The Excise Tax Act, RSC 1985, c E-15 (the “ETA”) provides Canada Revenue Agency with a powerful deemed trust remedy to collect unremitted GST, even from the hands of a secured lender without knowledge of a debtor’s tax debt. This deemed trust does not, however, apply to a bankrupt for amounts collected before the person became a bankrupt.
The power of this remedy is illustrated in Toronto-Dominion Bank v Canada 2020 FCA 80, in which TD Bank lost an appeal from a judgment requiring the Bank to pay $67,854 plus interest to the Federal Government.
In TD Bank, a sole proprietor operating a landscaping business had collected but failed to remit $67,854 to the Receiver General in 2007 and 2008. In 2010, TD Bank provided the sole proprietor a line of credit and a loan secured, respectively, by a charge and a mortgage registered against his property. TD Bank was unaware of the sole proprietor’s failure to remit GST at the time the line of credit was provided and the loan was extended.
Around 18 months later, the sole proprietor sold his property and repaid the line of credit and the mortgage from the proceeds. The Bank had not enforced its security before the sale of the property.
Years later, CRA asserted a deemed trust claim pursuant to section 222 of the ETA and claimed the proceeds the Bank had received from the sale of the property ought to have been paid to the Receiver General.
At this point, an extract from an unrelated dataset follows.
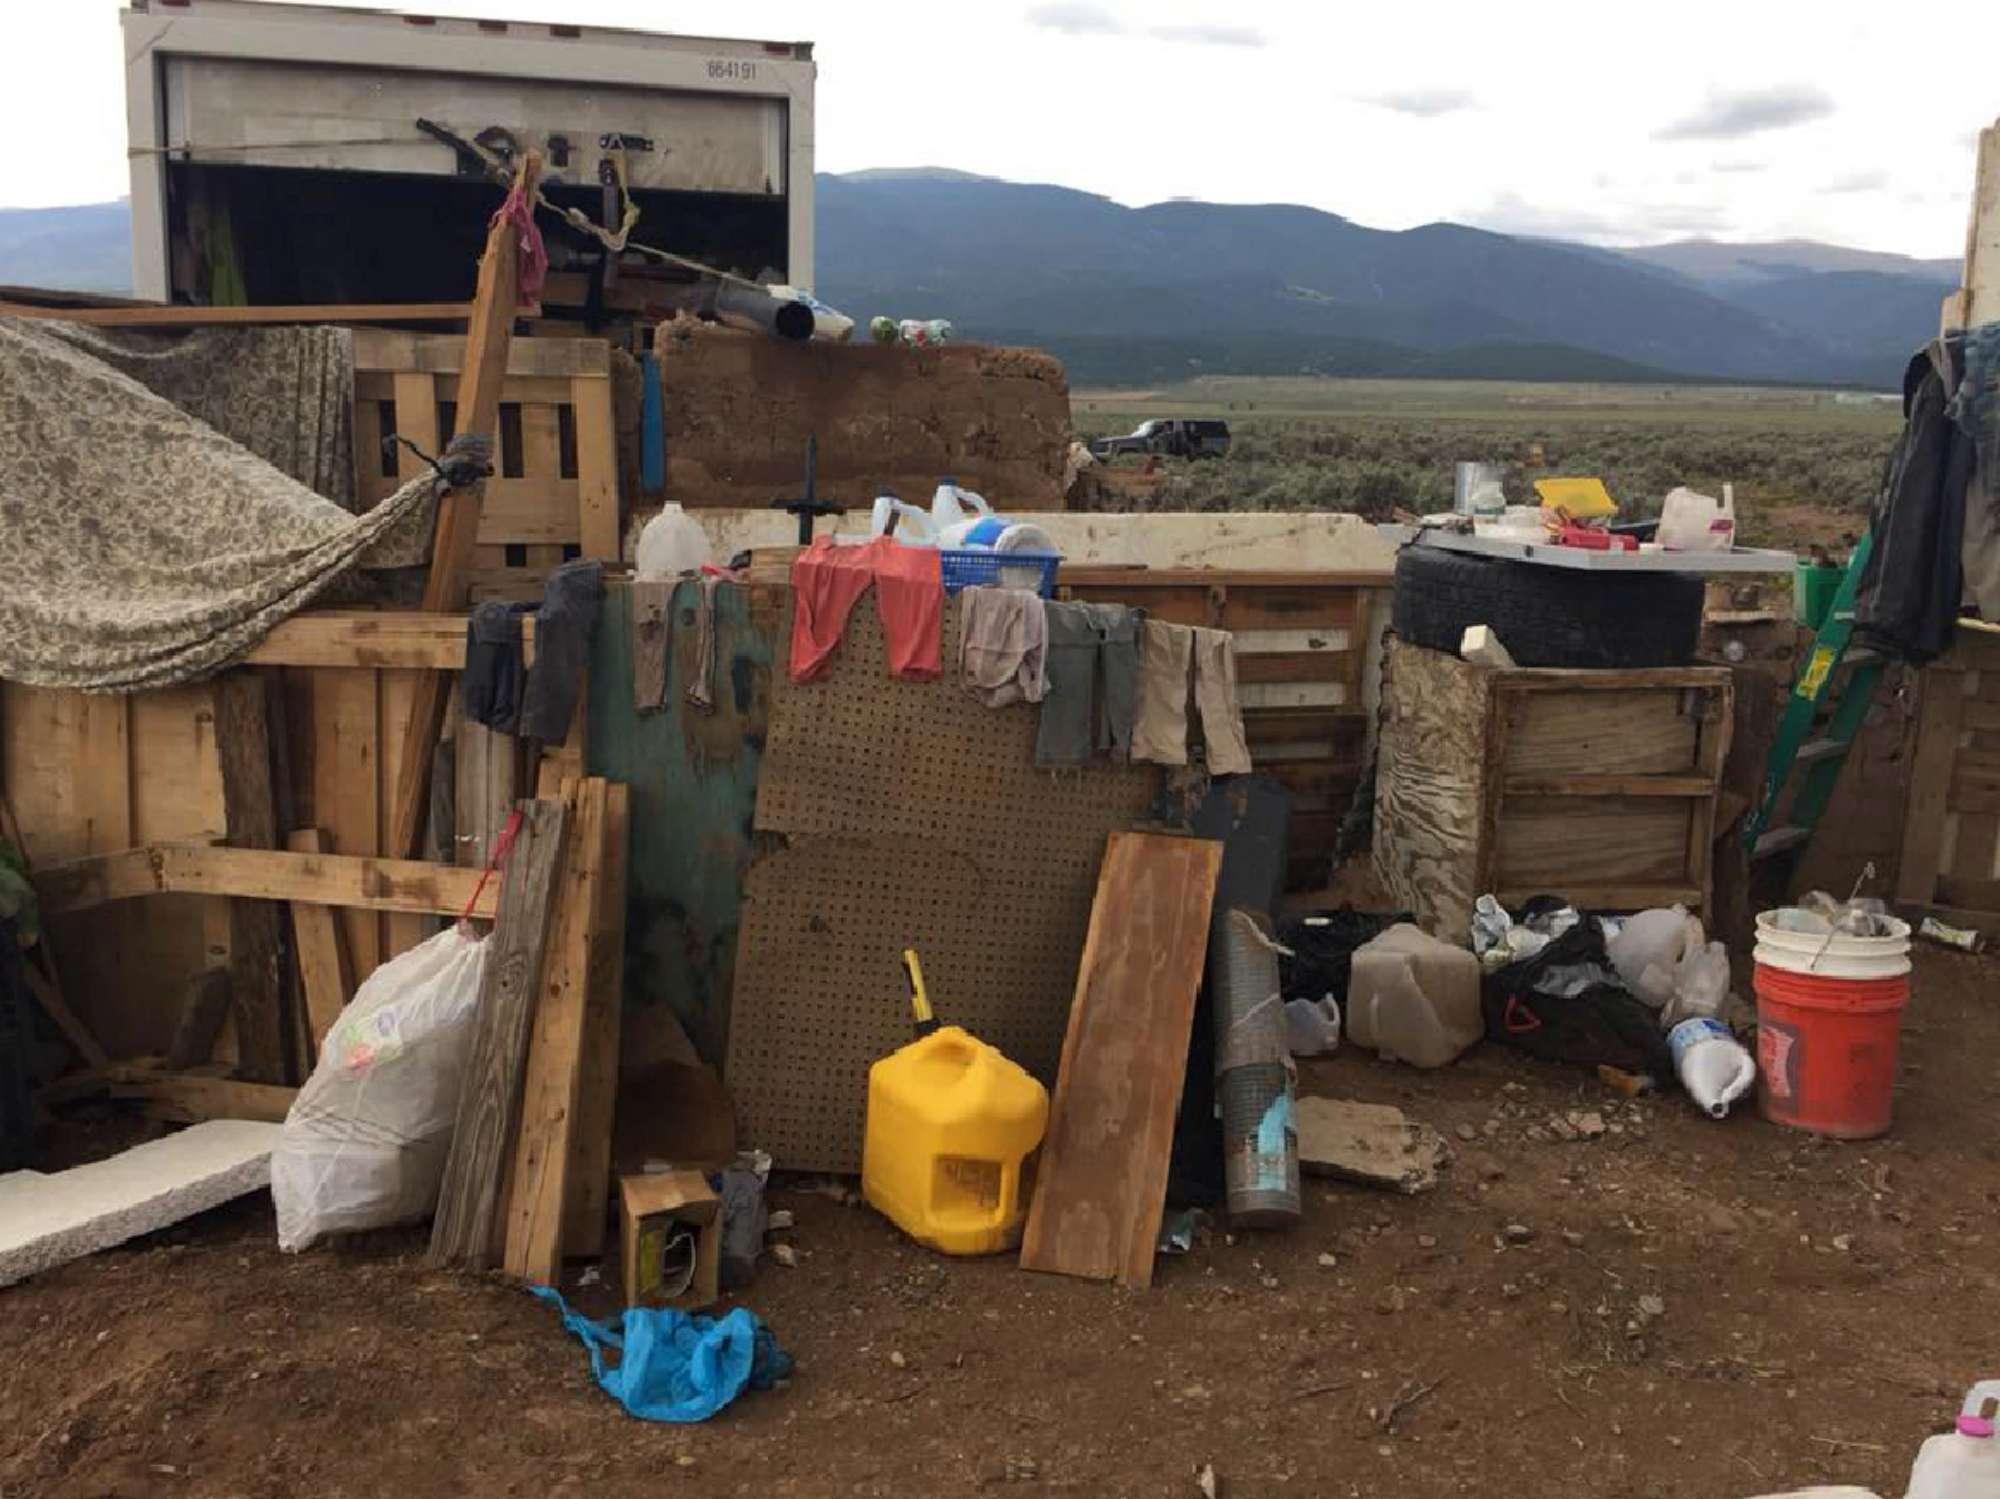 Salvati 11 bimbi prigionieri in New Mexico, la casa-lager

The Federal Court of Appeal rejected the Bank’s arguments that the deemed trust required a “triggering event,” that the Bank was a bona fide purchaser protected from the effect of the deemed trust, and that the deemed trust ought not to apply because the Bank had not received proceeds from its debtor’s business. The Court confirmed that the Bank had to pay the Crown $67,854 pursuant to the deemed trust provisions of the ETA.
In response to some of the Bank’s policy arguments, the Court described ways in which secured lenders can manage this risk, such as identifying high risk borrowers, requiring evidence of tax compliance from borrowers, or requiring borrowers to authorize the lender to obtain verification from CRA that a borrower has no GST liability.
As some of these steps might be impractical and some will not guarantee that secured lenders will avoid finding themselves in a situation like TD Bank, the deemed trust provisions of the ETA ultimately seem likely to encourage secured lenders to avoid their effect by applying for a bankruptcy order against a tax debtor, if such an order is available in the circumstances.
Given the effect of the ETA deemed trust provisions and the potential for CRA claims far larger than the claim made against TD Bank, it is important for any secured lender that discovers a borrower has a tax debt to seek advice from experienced insolvency counsel.